[STORED DATA]

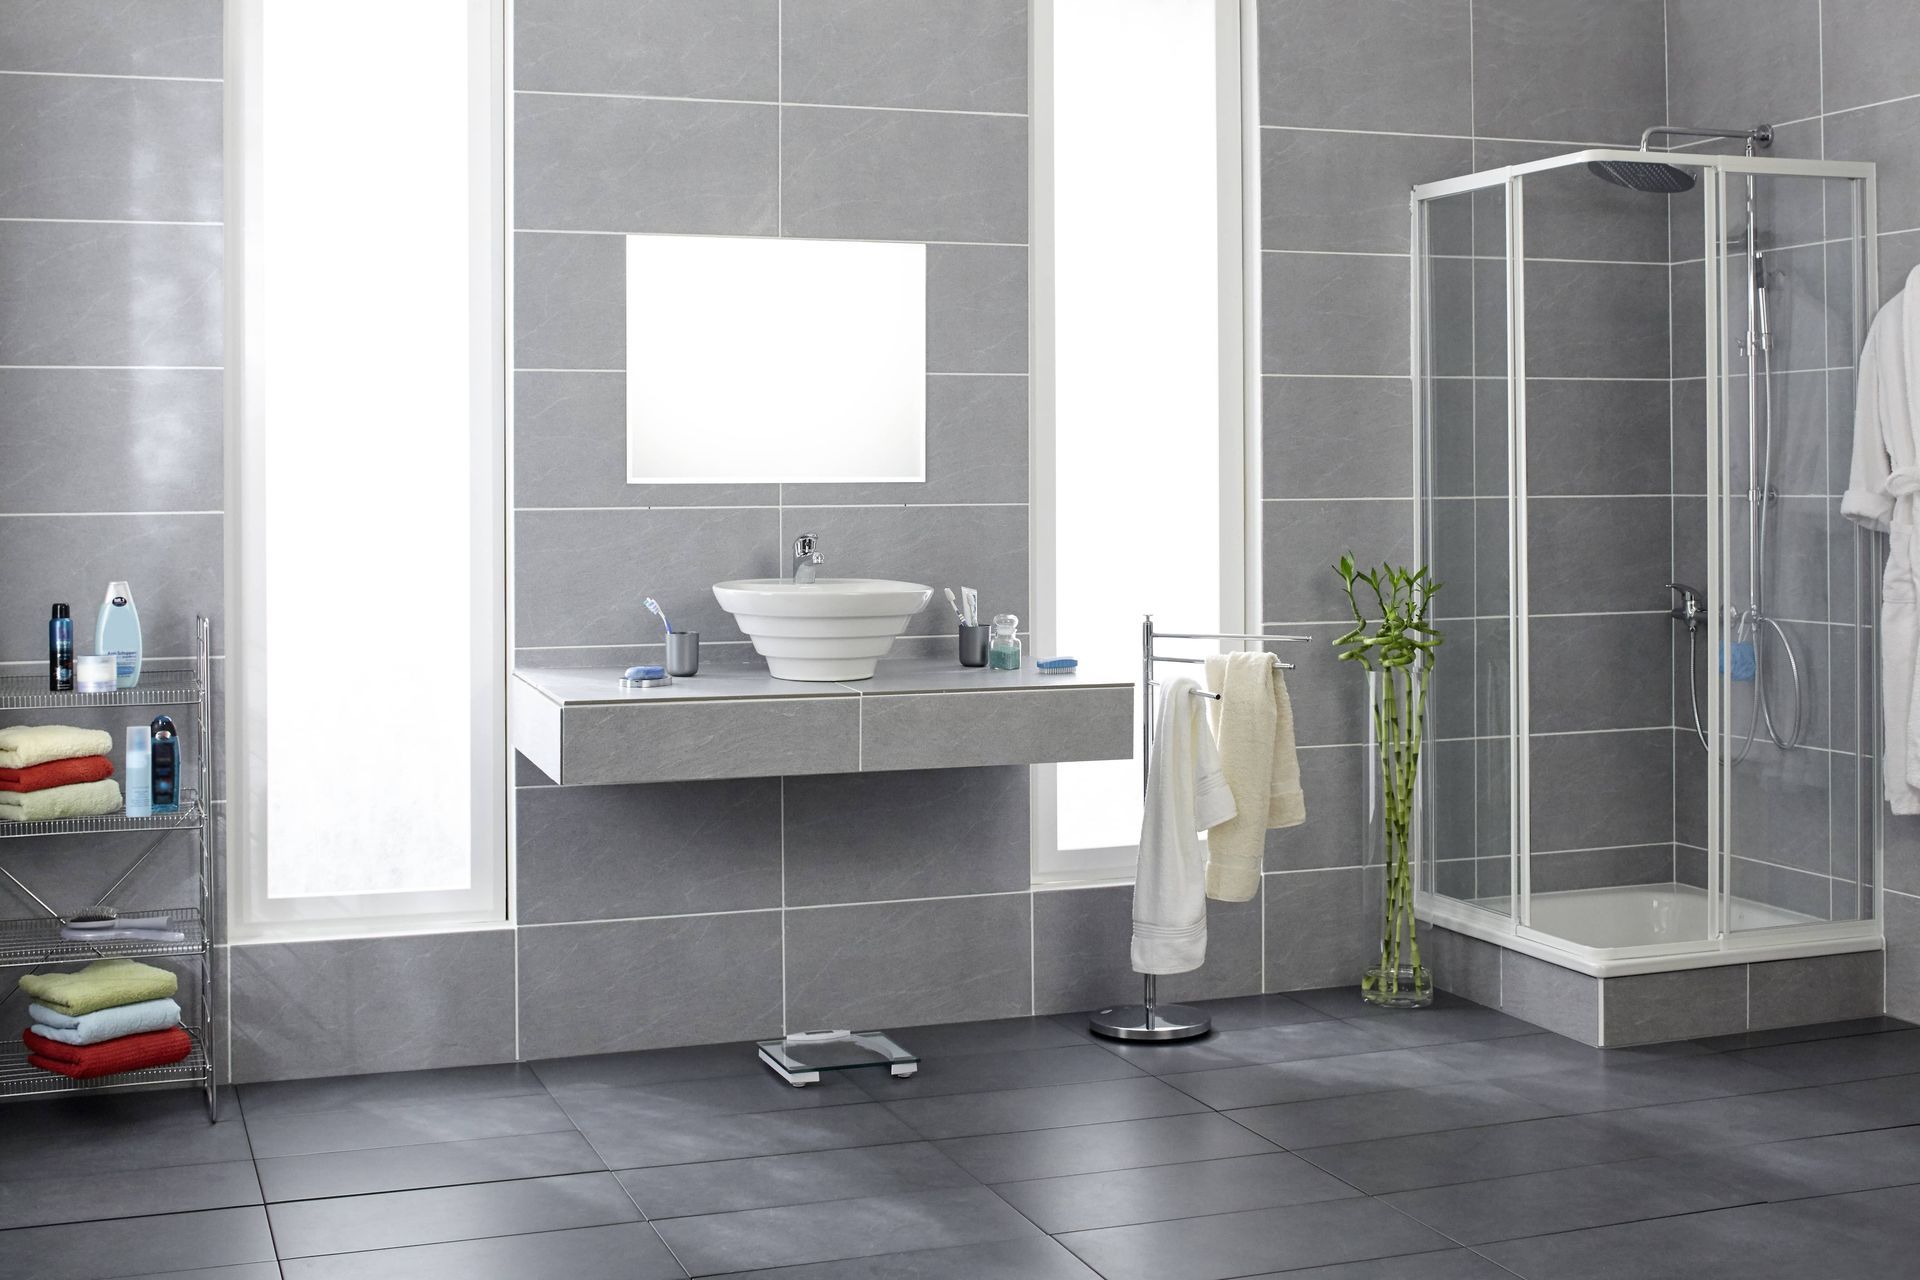 Bathroom With Gray Tiles
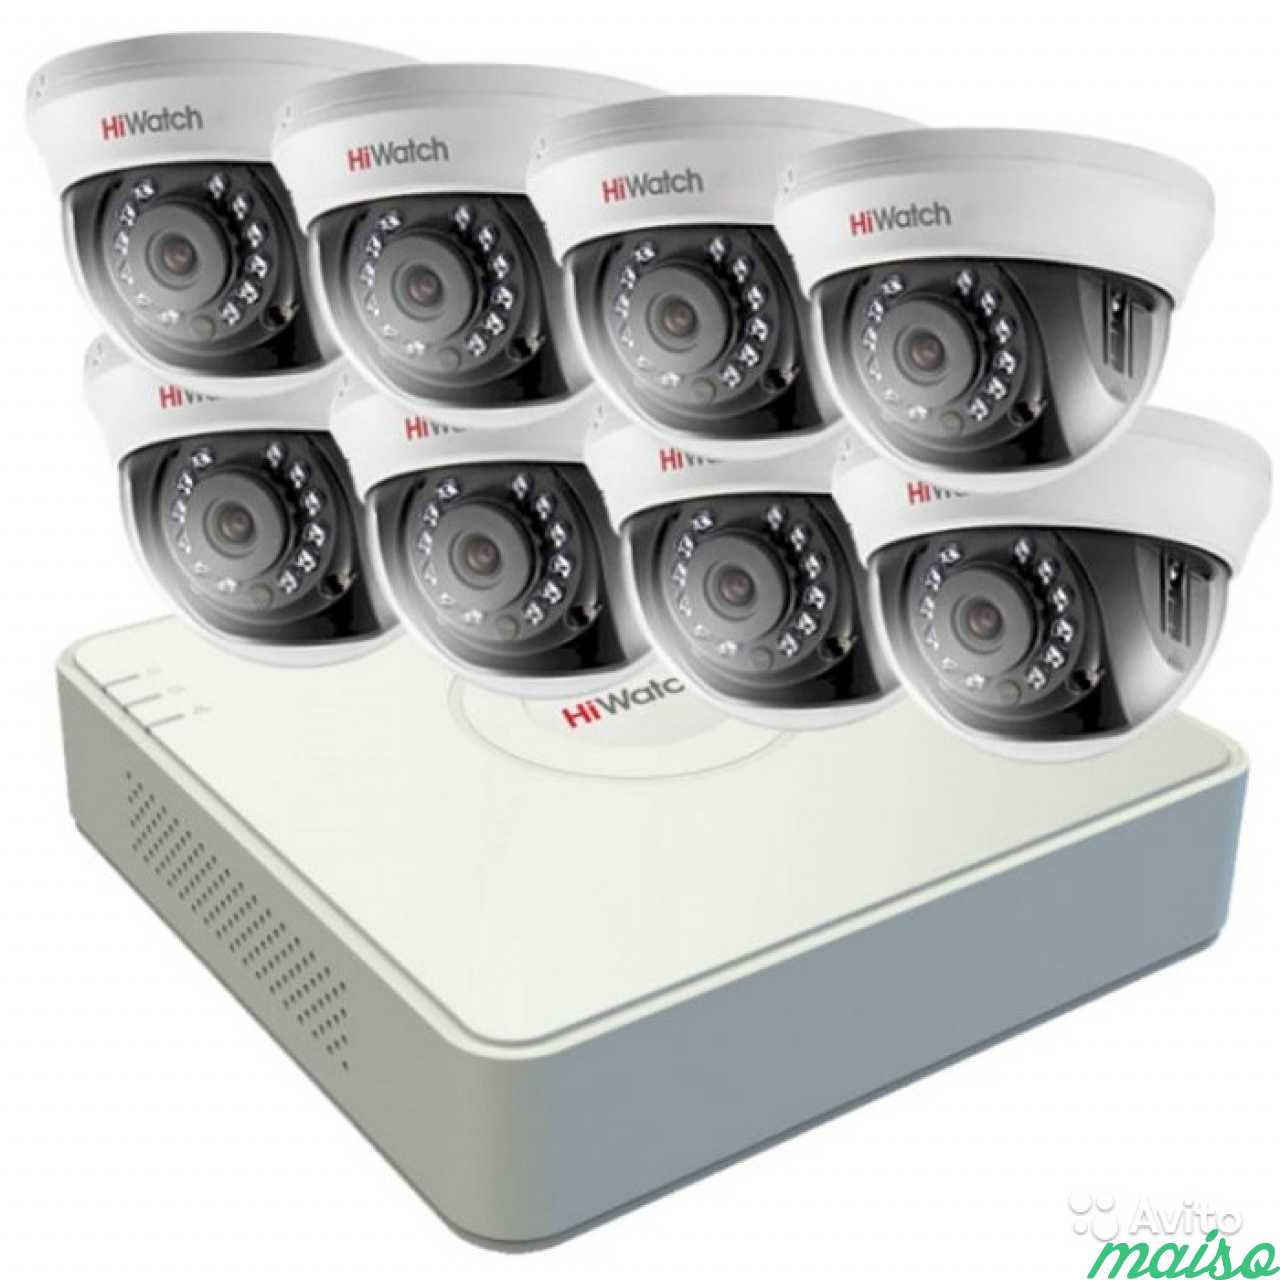 Hiwatch регистратор 8. Комплект HIWATCH t209p. Комплект видеонаблюдения HIWATCH IP 4. Комплект видеонаблюдения Hikvision на 4 камеры IP. Комплект 8 камер HIWATCH.
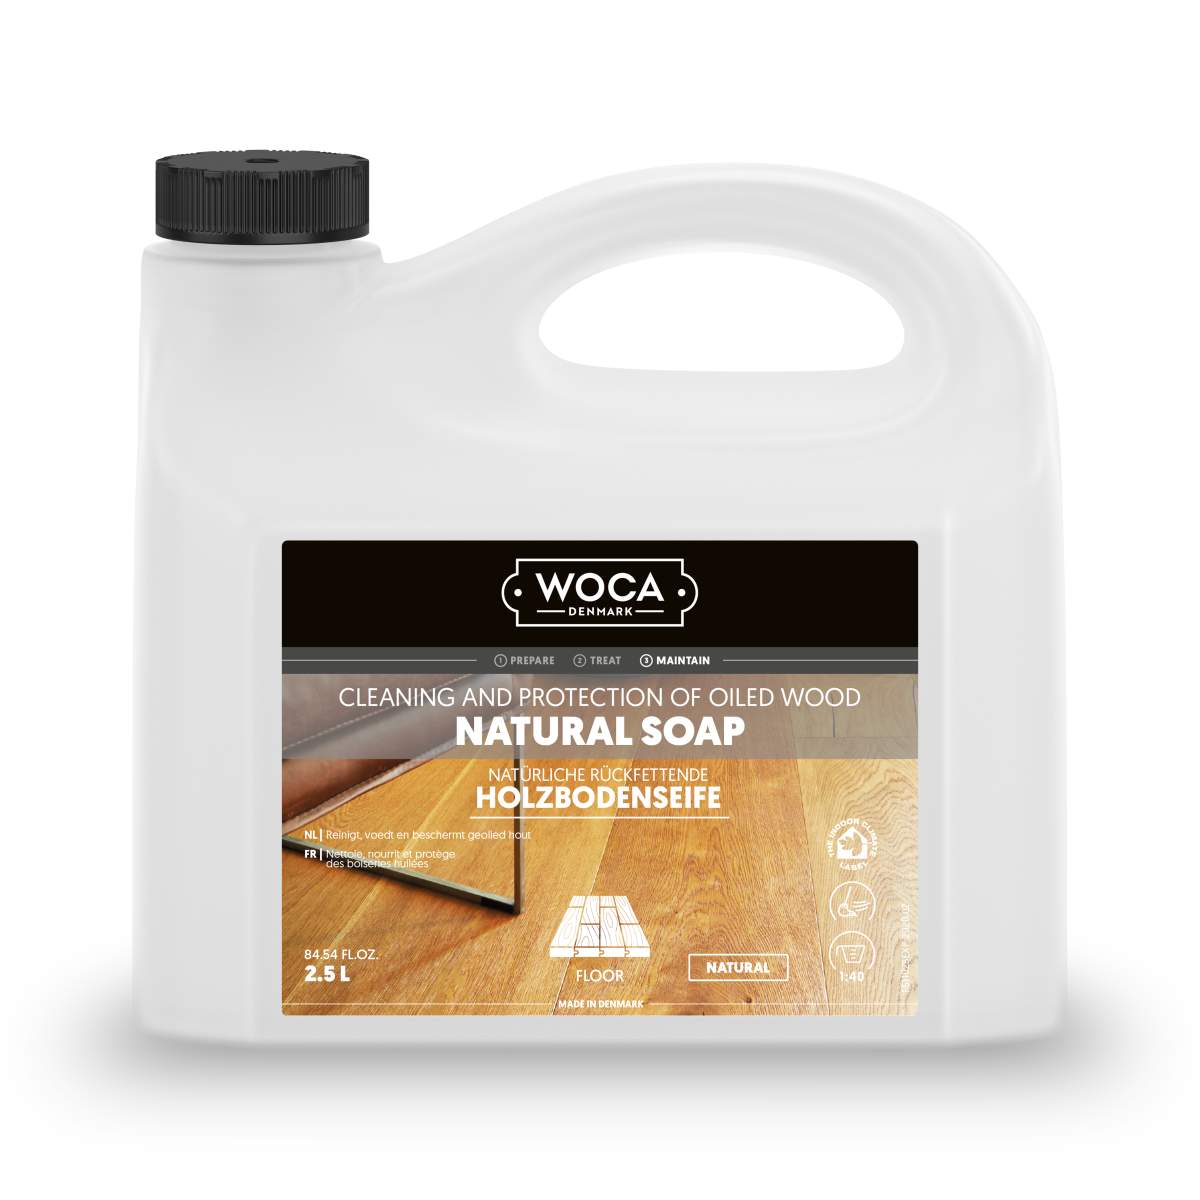 WOCA Bodenseife Natur Natural Soap 2,5 Liter

[/STORED DATA]

▶ EXERCISE OBJECTIVE:
Where a picture appears in the listing above, skip it and set down all the rest exactly.

▶ TASK RESPONSE:
 Bathroom With Gray Tiles
 Hiwatch регистратор 8. Комплект HIWATCH t209p. Комплект видеонаблюдения HIWATCH IP 4. Комплект видеонаблюдения Hikvision на 4 камеры IP. Комплект 8 камер HIWATCH.
 WOCA Bodenseife Natur Natural Soap 2,5 Liter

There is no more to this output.